======== Recorded information ========

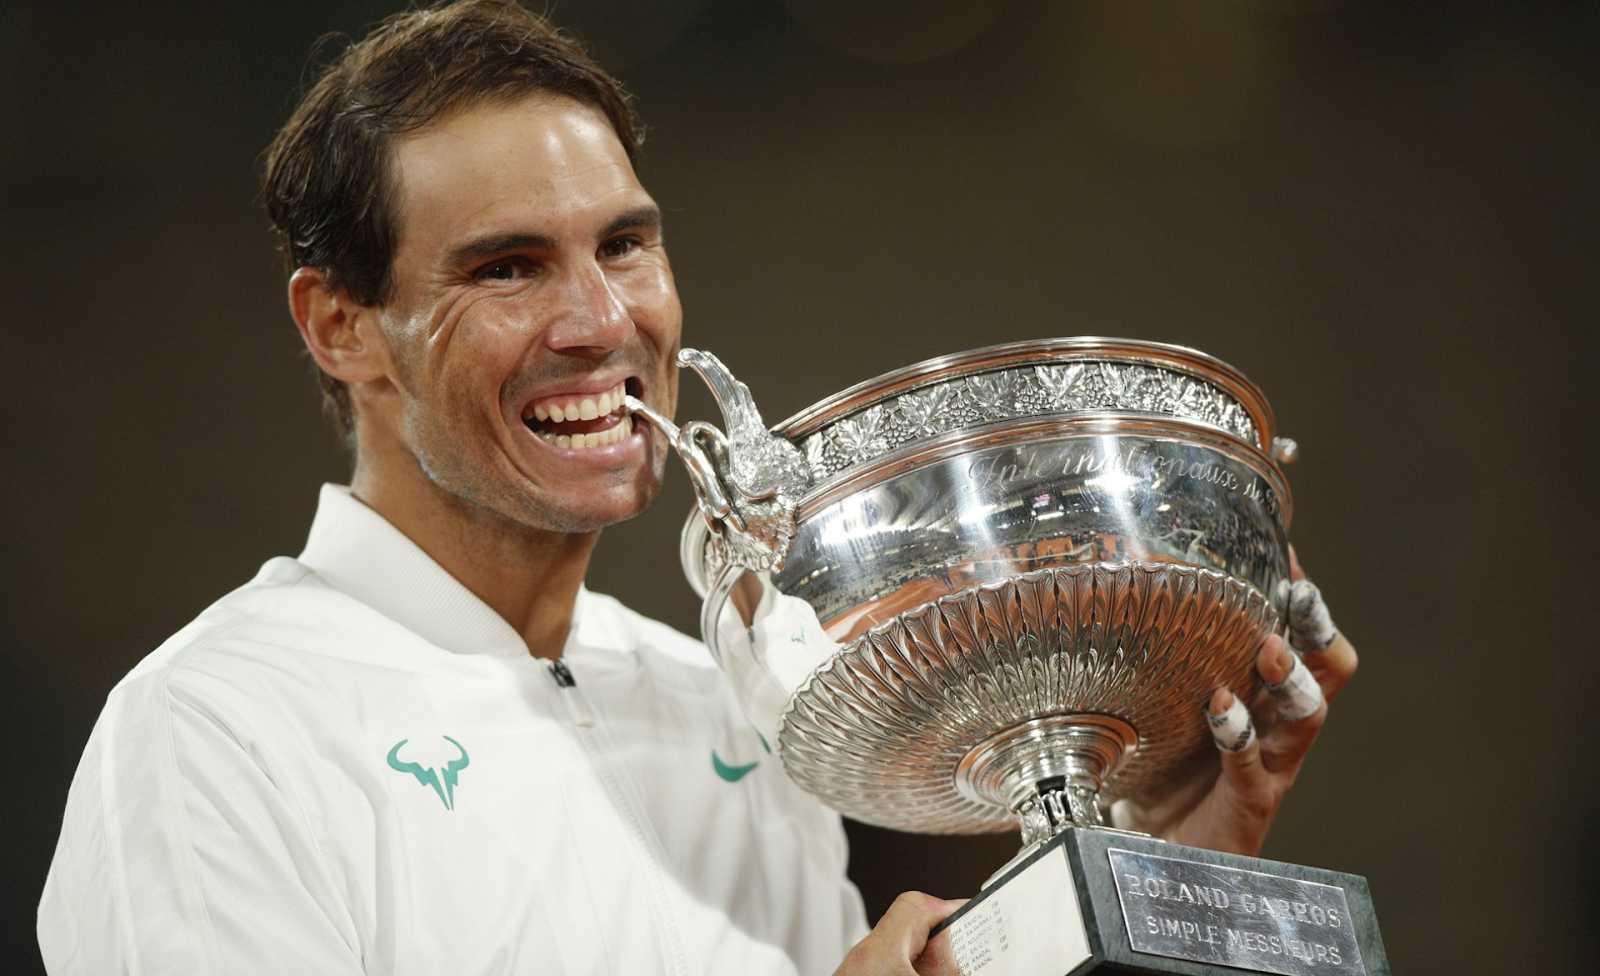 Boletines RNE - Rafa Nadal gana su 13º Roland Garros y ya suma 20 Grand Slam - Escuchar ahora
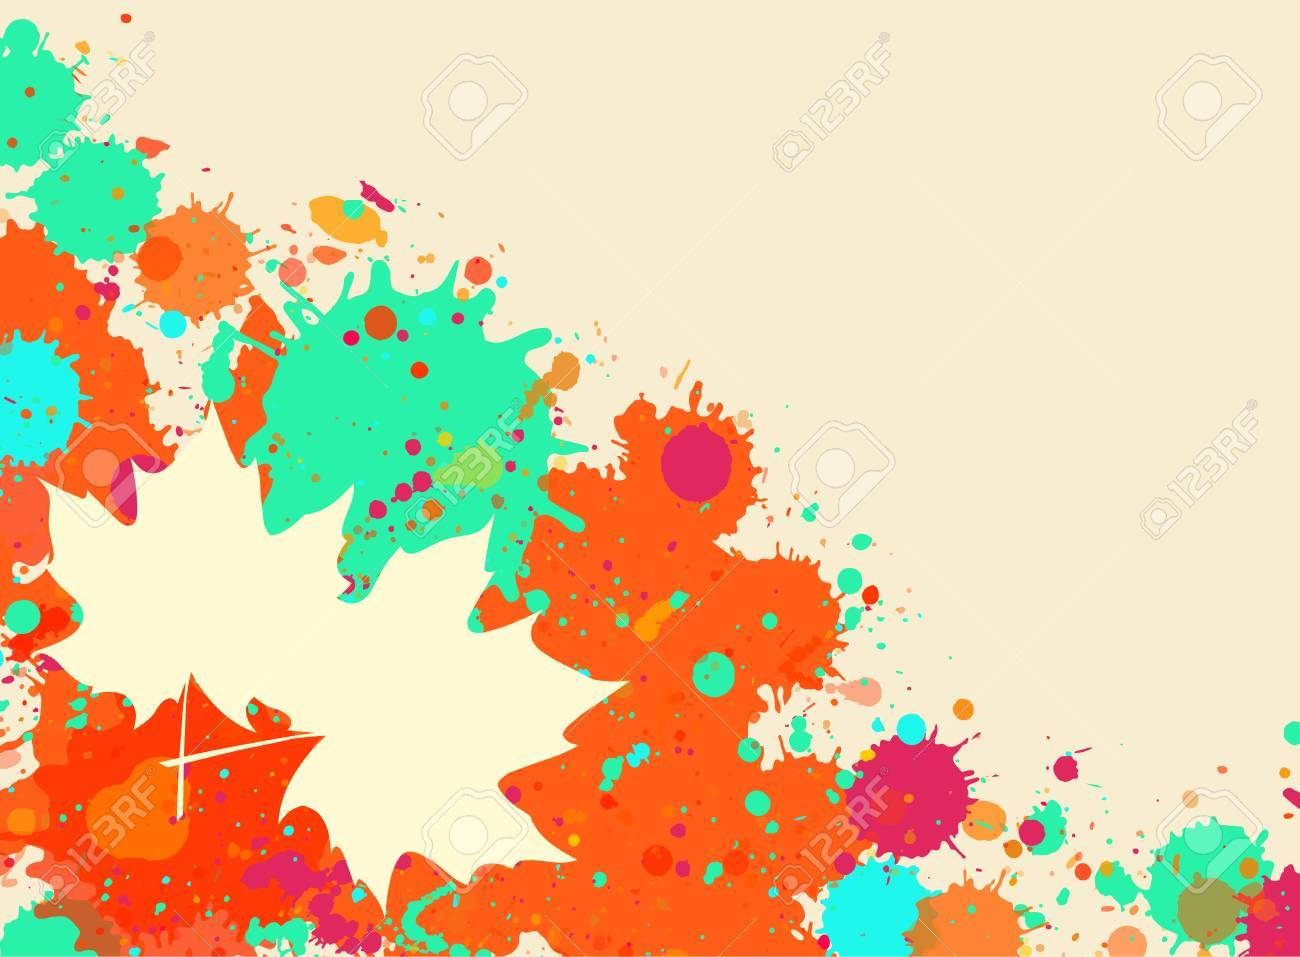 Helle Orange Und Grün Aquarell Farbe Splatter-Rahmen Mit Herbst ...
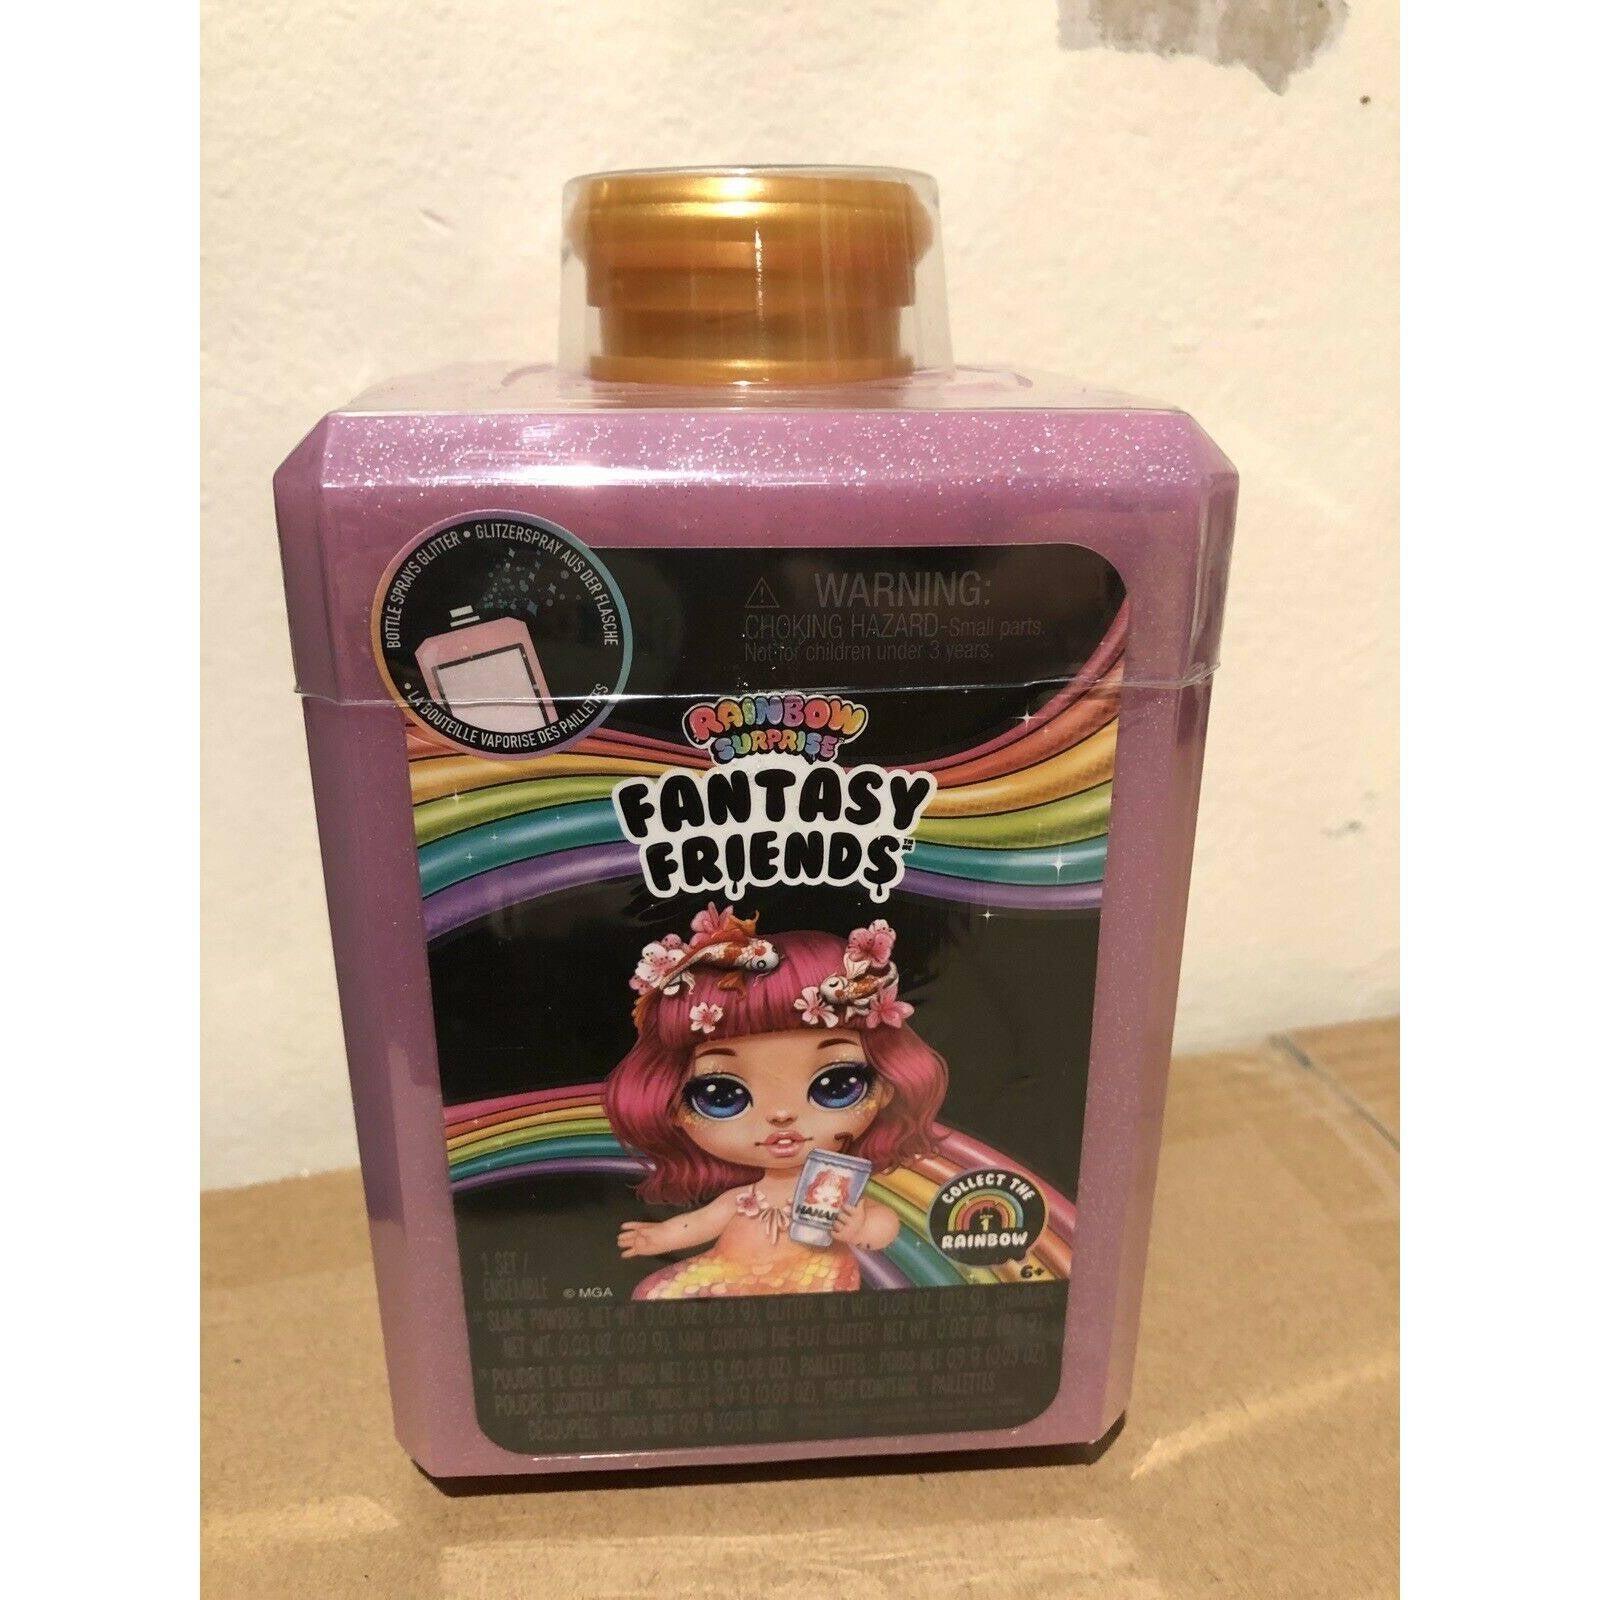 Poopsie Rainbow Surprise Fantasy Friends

========

**What you have to do**: When you copy the data, keep every line exact and leave out each picture.

**Problem solution**:
 Boletines RNE - Rafa Nadal gana su 13º Roland Garros y ya suma 20 Grand Slam - Escuchar ahora
 Helle Orange Und Grün Aquarell Farbe Splatter-Rahmen Mit Herbst ...
 Poopsie Rainbow Surprise Fantasy Friends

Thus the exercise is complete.